НО ТЫ ВЕДЬ С НЕЙ ЕЩЕ ПОЧТИ И НЕ РАЗГОВАРИВАЛ.

— Верно, но дело в том…

ПОХОЖЕ ДАЖЕ НА ТО, ЧТО ТЫ ИЗБЕГАЕШЬ ЕЕ.

— Может, на это и похоже, но…

Я ВОЛНУЮСЬ… ОНА СЛИШКОМ ХОРОША… ЛУЧШЕ ПООСТЕРЕЧЬСЯ…

— Поостеречься? А что же, ты думаешь, заставляет меня избегать ее? Я остерегаюсь! Потому что она слишком хороша! Она тепла, нежна и предательски коварна; надо быть осторожным…

Но, говоря начистоту, мы оба были встревожены. Мы были испуганы. И дело было не только в Вив: все дьявольские обитатели дома были теплы, нежны и предательски коварны — от аспида брата до последнего ребенка. Я начинал их любить. И чем больше набухало мое сердце этой раковой опухолью, тем сильнее становился страх. Набухшее сердце.

Эта коварная болезнь довольно часто поражает мифический орган, который гонит жизнь по сосудам эго: любовь, коронарная любовь в сочетании с галопирующим страхом. Болезнь «уйди-останься». Смертельная жажда близости и постоянное осознание ее яда. С раннего детства мы учимся относиться к ней с подозрением: мы запоминаем — никогда не раскрывайся… неужели ты хочешь, чтобы кто-нибудь копался в твоей душе своими грязными лапами? Никогда не бери конфет у незнакомых людей. И у друзей. Лучше стащи, когда никто не видит, но не бери, никогда не бери… Неужели ты хочешь оказаться в долгу? А главное, не привязывайся, никогда, никогда, никогда не привязывайся. Потому что именно привязанность усыпляет твою бдительность и оставляет тебя беззащитным… Неужели ты хочешь, чтобы какой-нибудь подлец знал, что у тебя внутри?

Добавим к этому списку еще одно простое правило: «Никогда не напивайся».

И я полагаю, из-за этого-то все и произошло, из-за этого дьявольского питья — оно ржавчиной разъело последний замок на последних дверях, охранявших мое выздоравливающее эго… разъело замок, и растворило запор, и откинуло крюки, и, прежде чем я сообразил, что происходит, я уже говорил брату о маме. Я рассказывал ему все — разочарования, питье, отчаяние, смерть.
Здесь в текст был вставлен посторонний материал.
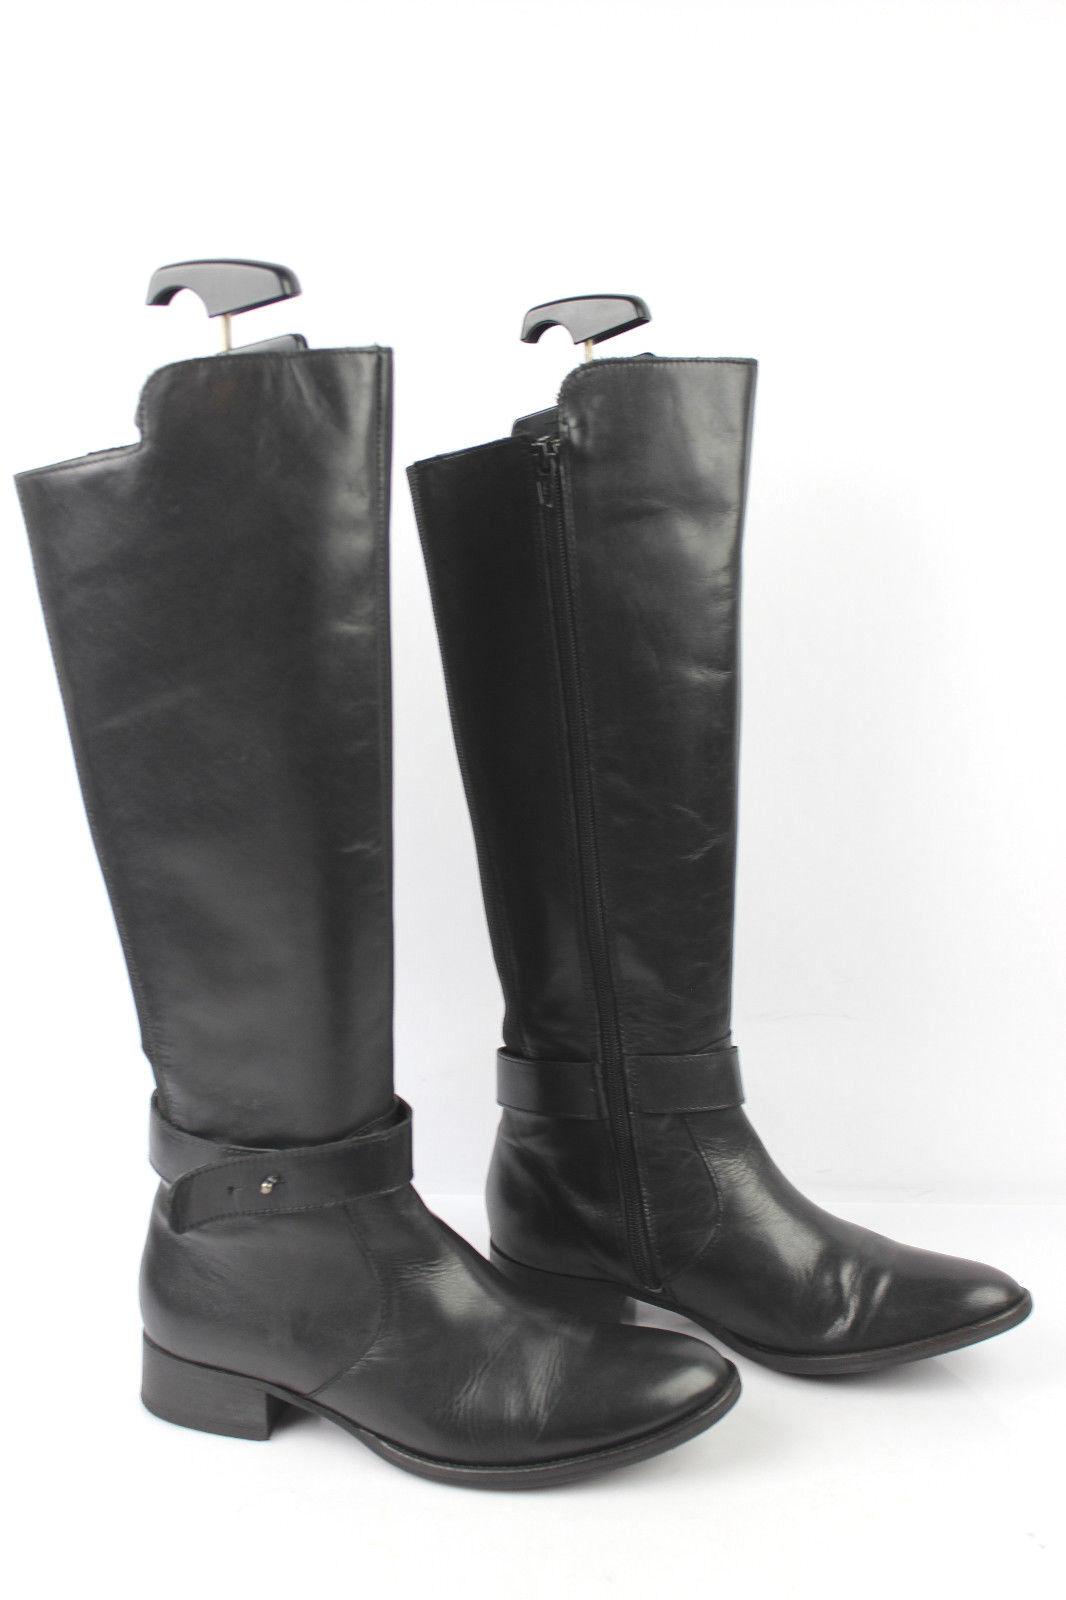 Stiefel SBN MBRINB schwarzes Leder Comic elastisch t 36 sehr guter Zustand

— Когда я узнал об этом, мне действительно было ее страшно жаль, — сказал Хэнк, когда я закончил. Только что завершилась моя вторая рабочая неделя, и мы, сидя за квартой пива на брата, праздновали, удивляясь, что обошлось без переломанных костей. Хэнк вынул длинную щепку из картонного ящика рядом с плитой и теперь перочинным ножом снимал с нее белую стружку. — Когда я узнал, я сразу послал телеграмму, чтобы доставили цветы, — кажется, должен был быть венок, — ты видел?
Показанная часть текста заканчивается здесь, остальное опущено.